Kitahashi Toshihiro, Furuta Itaru
Department of Laboratory Medicine, Kinki University School of Medicine, 377-2 Ohno-higashi, Osakasayama, Osaka, Japan.
J Pharm Biomed Anal. 2002 Nov 7;30(4):1411-6. doi: 10.1016/s0731-7085(02)00475-2.
A precise method for determining linezolid concentration in human serum by micellar electrokinetic capillary chromatography has been developed and validated. Serum was deproteinized with acetonitrile and etofylline was used as an internal standard. A borate buffer (pH 10.0; 25 mM) containing sodium dodecyl sulfate (80 mM) was used as a running buffer. Detection was performed at UV253 nm by applying 25 kV voltage to a fused-silica capillary tube. Migration time of linezolid was approximately 14 min. Good linearity (0-100 mg/l) was obtained and the limit of detection was 0.5 mg/l (S/N=3). This technique covered the clinical concentration (4 mg/l) measurement of this drug enough. The intra- and inter-day reproducibility was good. Serum recovery was 95-102%. No interference from other anti-microbial agents was observed. Linezolid after serum deproteinization showed high stability. This method was easy to operate as well as economical as a method for determining linezolid in serum.
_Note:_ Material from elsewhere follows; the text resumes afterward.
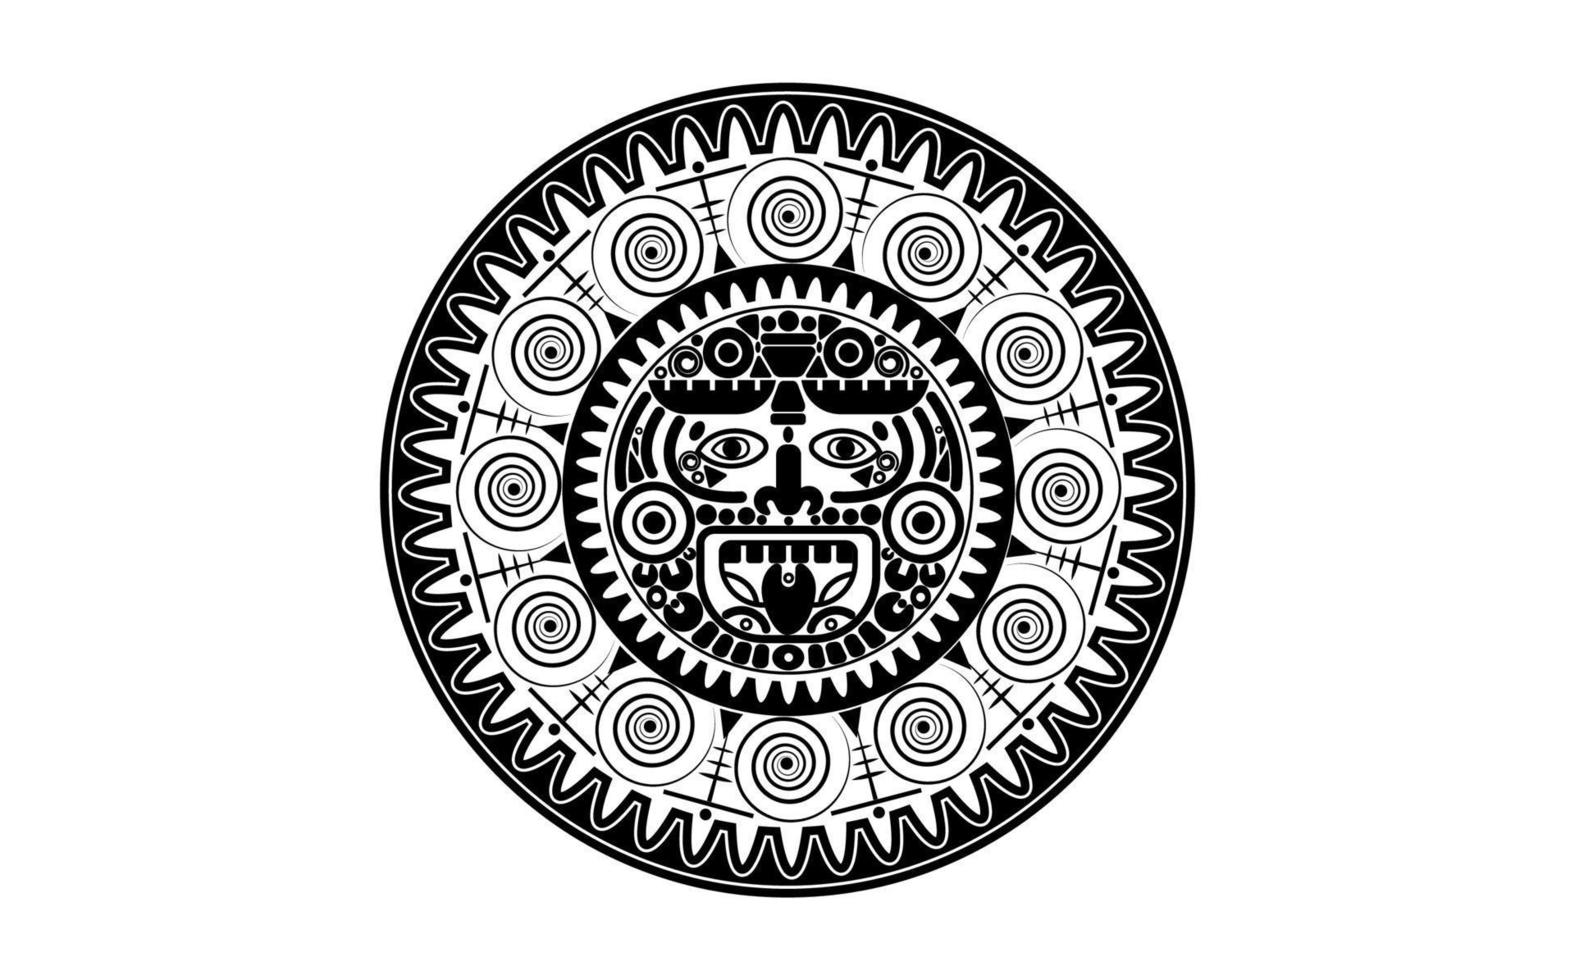 helig maya-solgud, aztekisk hjulkalender, mayasymboler etnisk mask, svart tatuering rund ramkant gammal logotypikon vektorillustration isolerad på vit bakgrund vektor

已开发并验证了一种通过胶束电动毛细管色谱法测定人血清中利奈唑胺浓度的精确方法。血清用乙腈进行脱蛋白处理,并使用依托菲林作为内标。含有十二烷基硫酸钠(80 mM)的硼酸盐缓冲液(pH 10.0;25 mM)用作运行缓冲液。通过向熔融石英毛细管施加25 kV电压在UV253 nm处进行检测。利奈唑胺的迁移时间约为14分钟。获得了良好的线性(0 - 100 mg/l),检测限为0.5 mg/l(S/N = 3)。该技术足以涵盖该药物的临床浓度(4 mg/l)测量。日内和日间重现性良好。血清回收率为95 - 102%。未观察到其他抗菌剂的干扰。血清脱蛋白后的利奈唑胺显示出高稳定性。作为一种测定血清中利奈唑胺的方法,该方法操作简便且经济。